→ EXERCISE
Output the lines from the one containing "Вал перекрывающего клапана" through the last line of the material below, exactly; please do not include pictures.
---
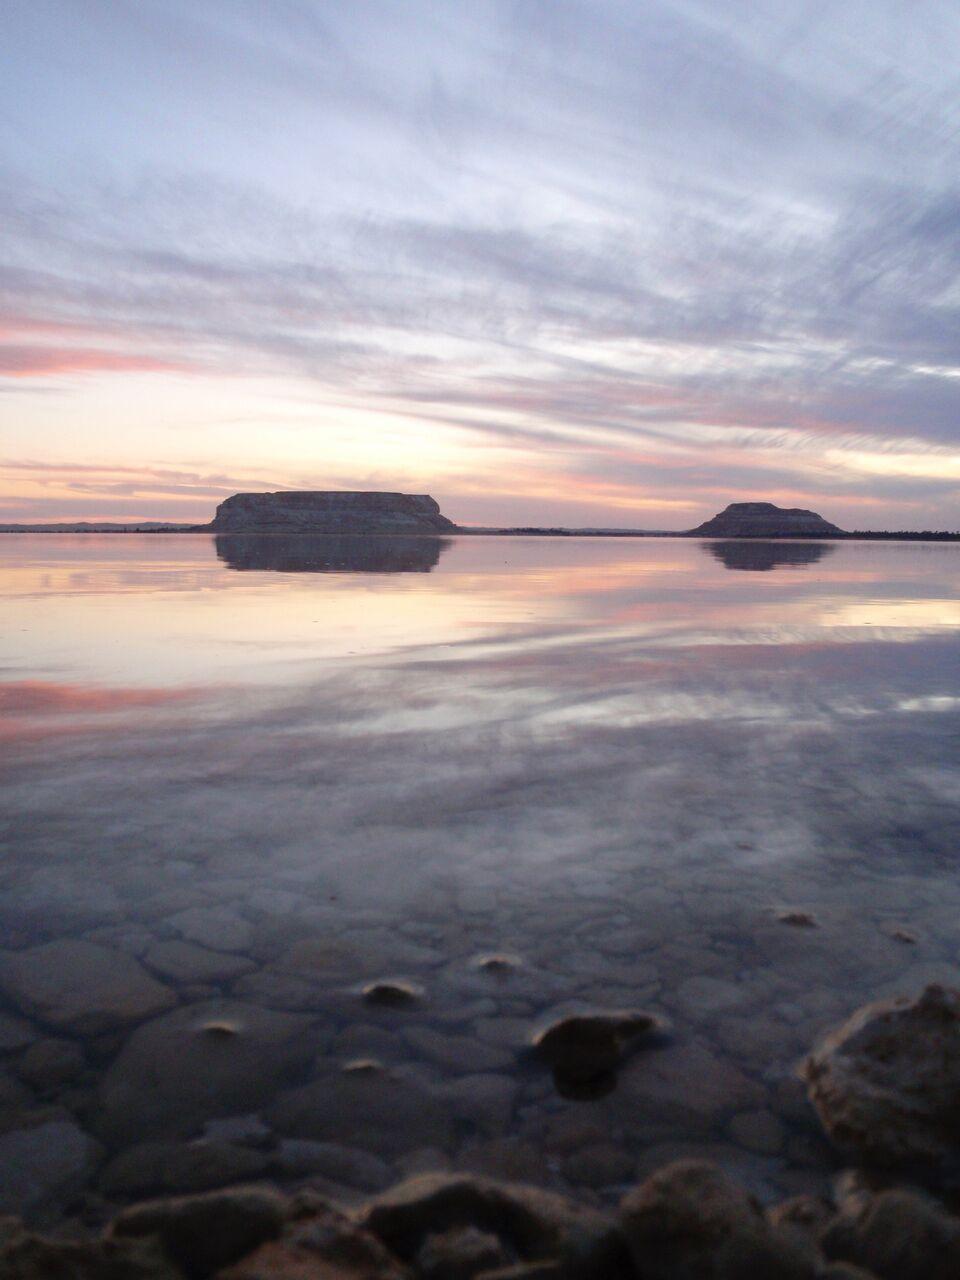 Sunset in Siwa Oasis
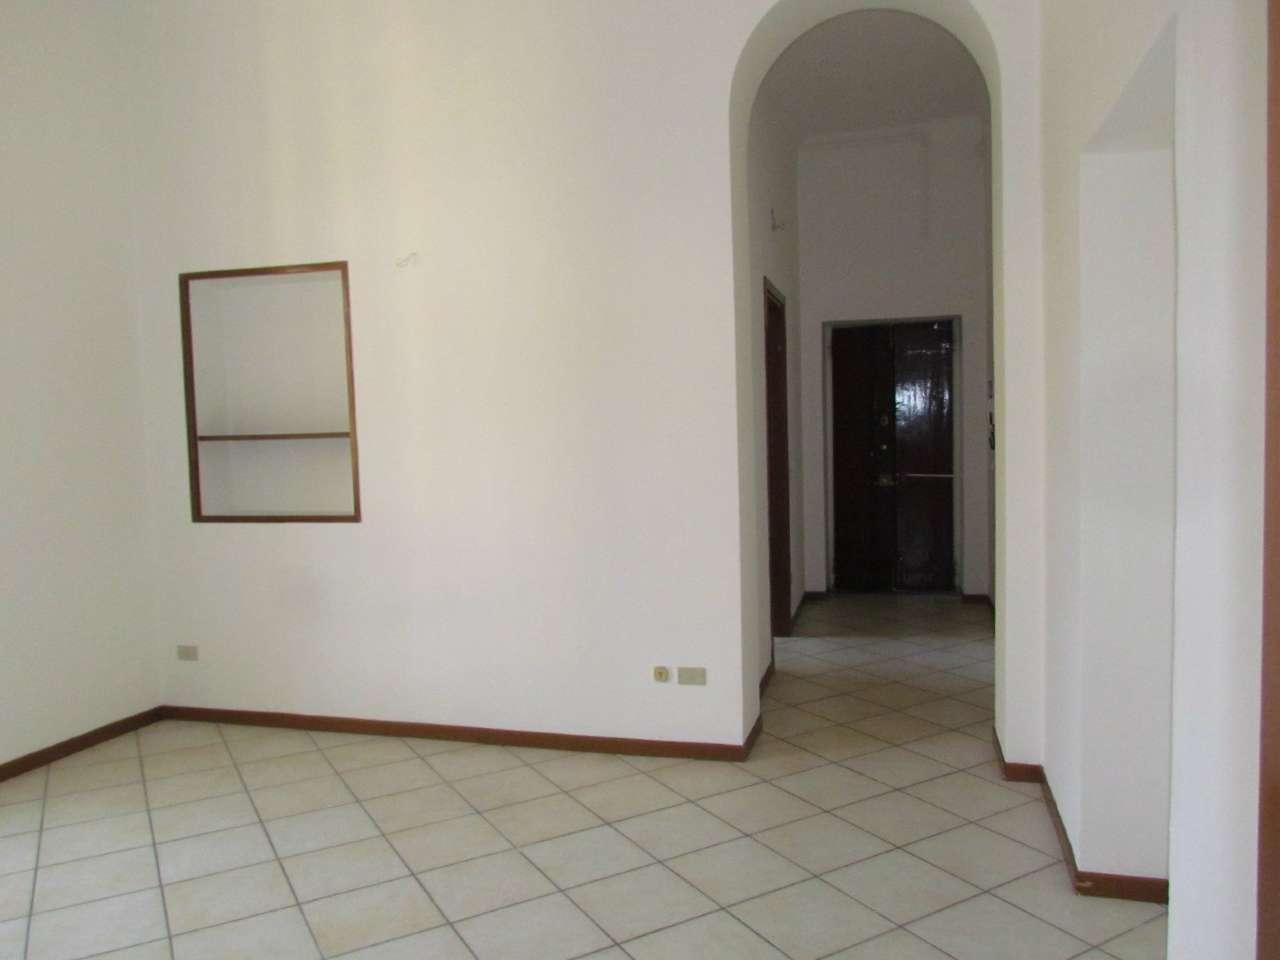 Appartamento in affitto a Tradate, 2 locali, prezzo € 450 | CambioCasa.it
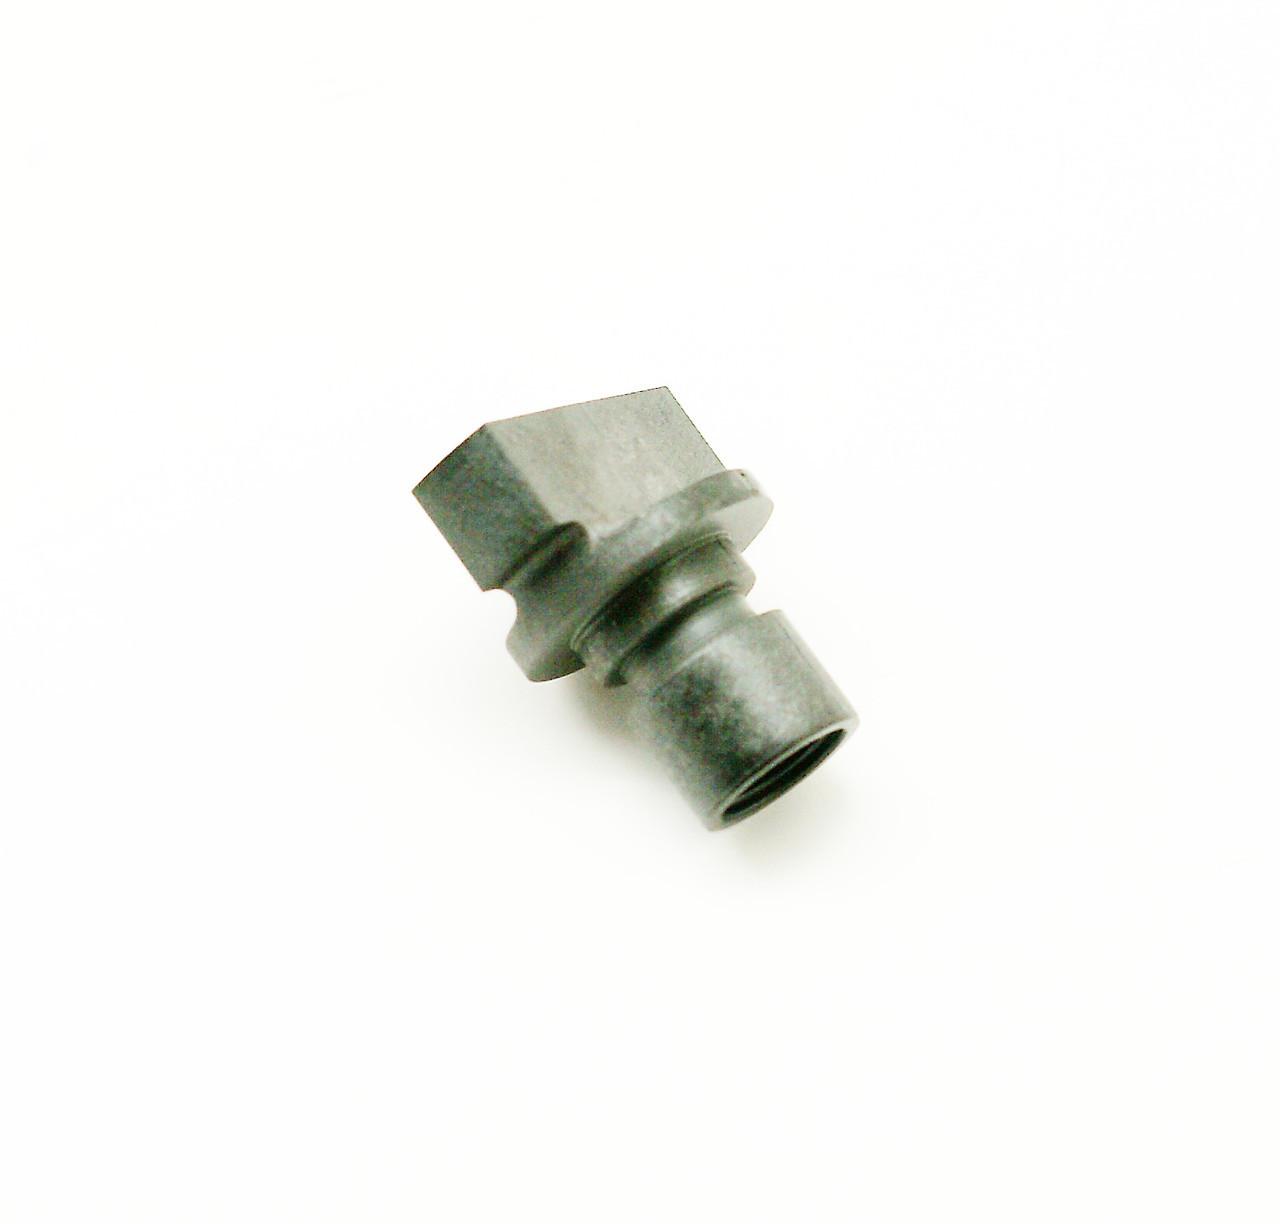 Вал перекрывающего клапана в головке фильтра системы охлаждения Cummins C L Series 3943740
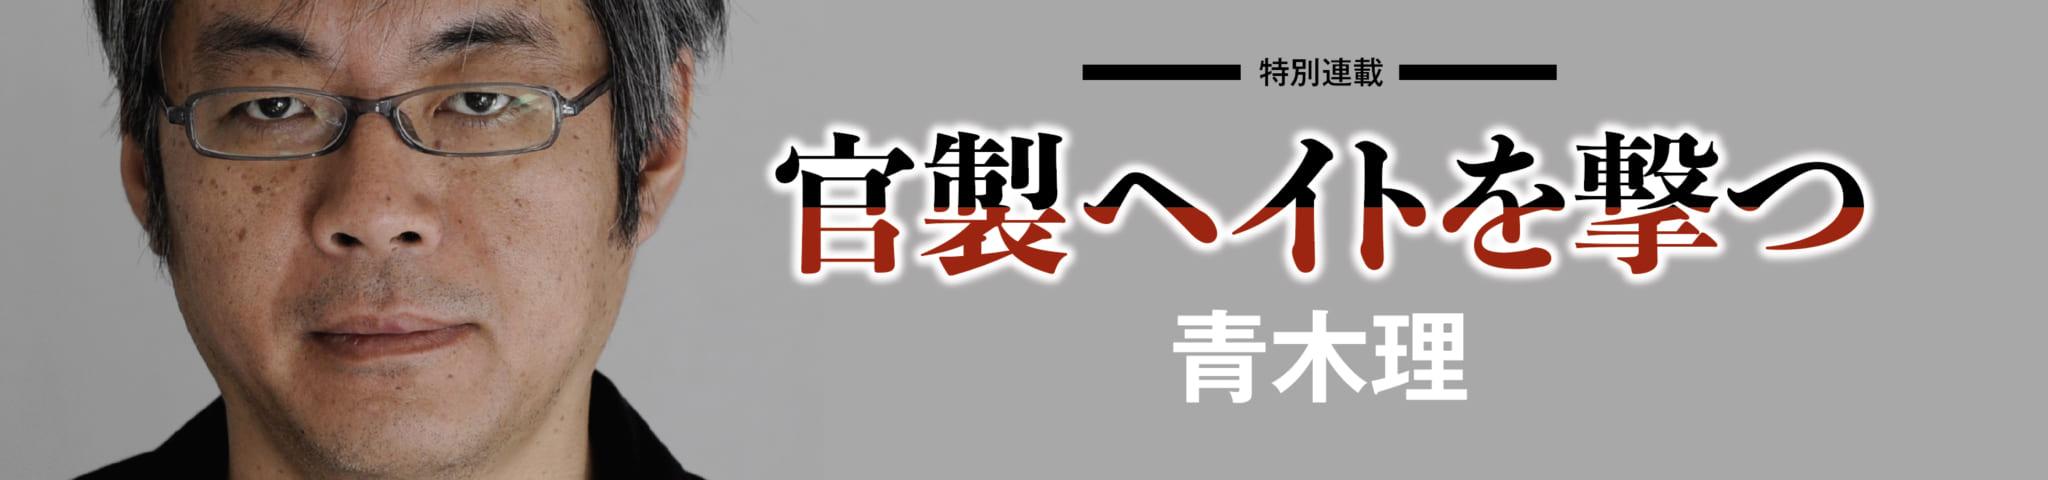 【青木理 特別連載】官製ヘイトを撃つ
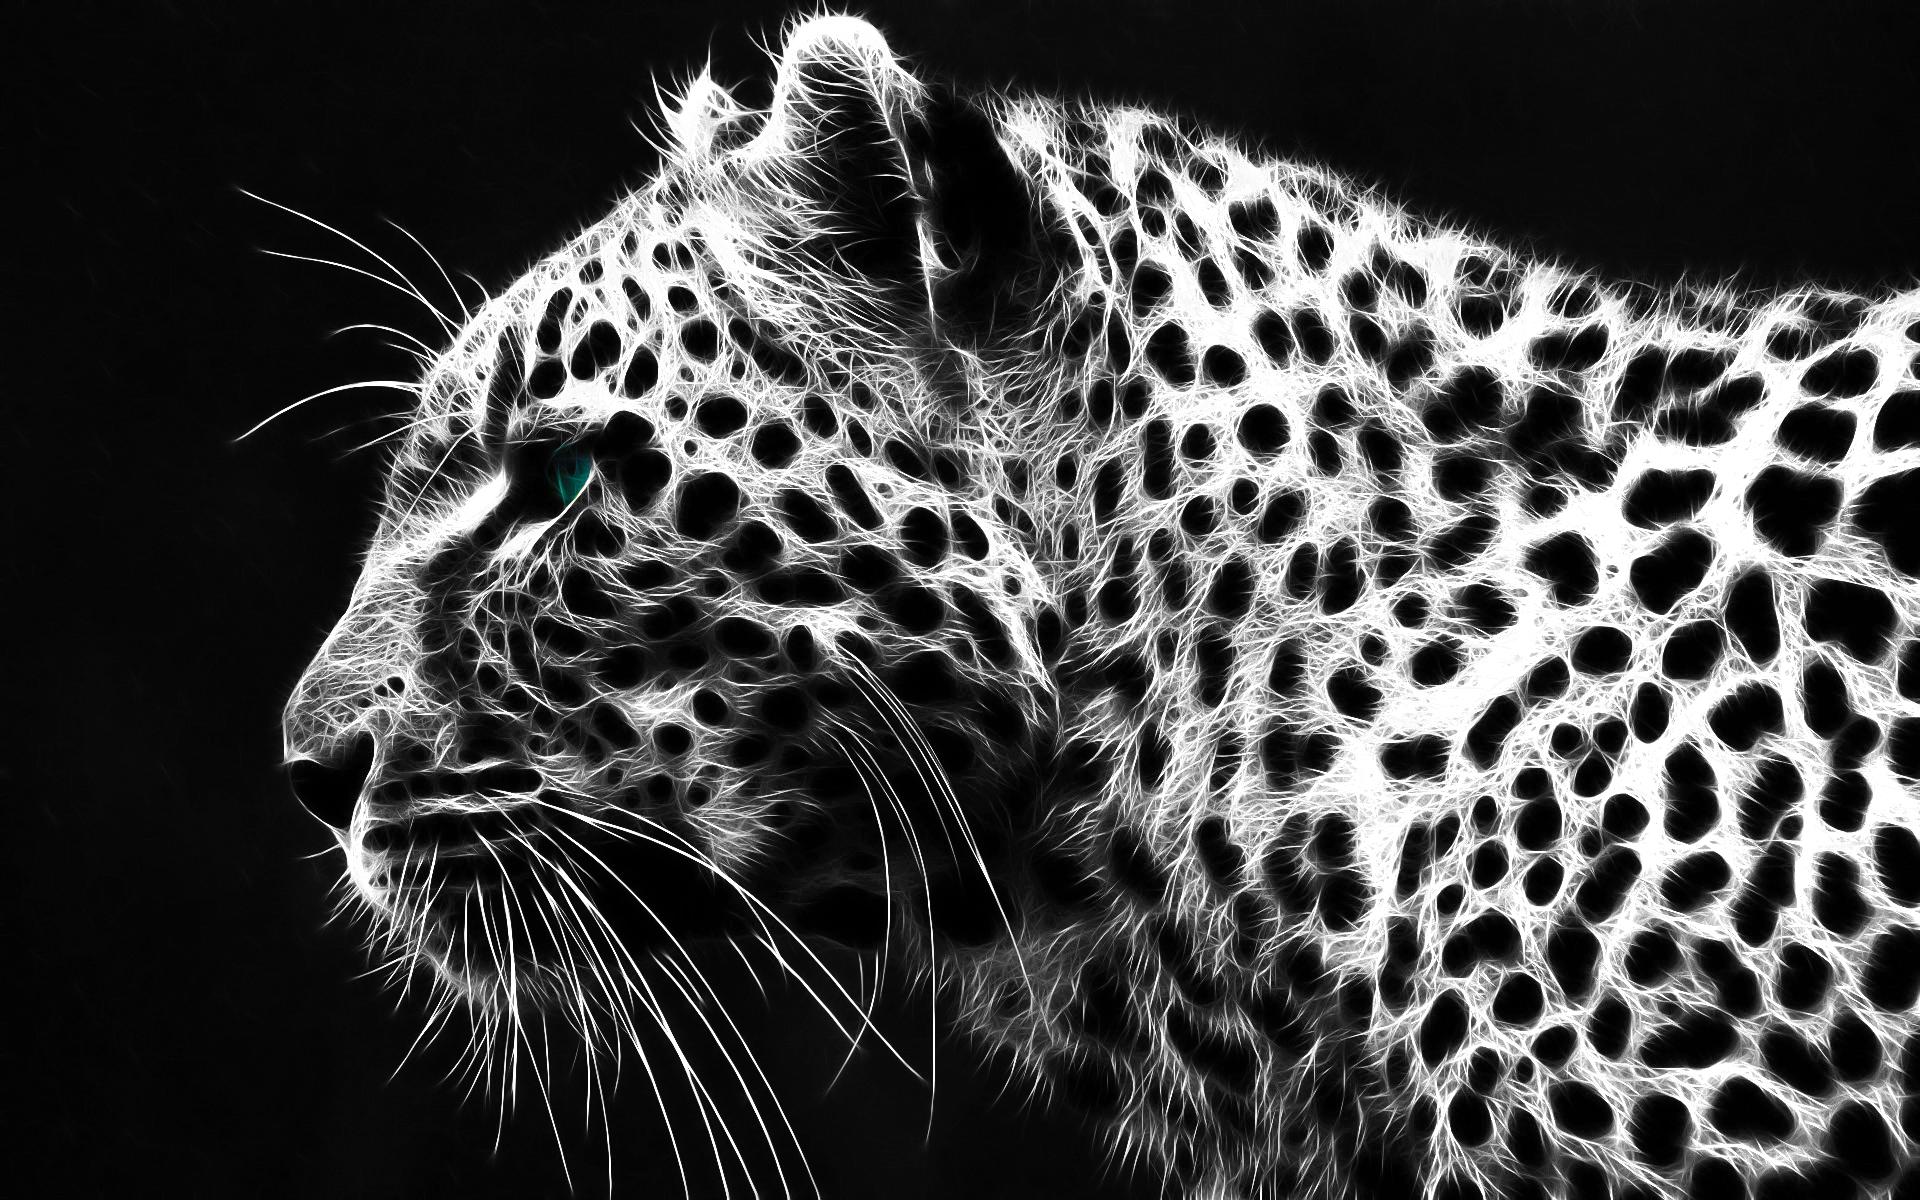 BW Leopard Wallpaper
---
→ TASK OUTPUT
 Вал перекрывающего клапана в головке фильтра системы охлаждения Cummins C L Series 3943740
 【青木理 特別連載】官製ヘイトを撃つ
 BW Leopard Wallpaper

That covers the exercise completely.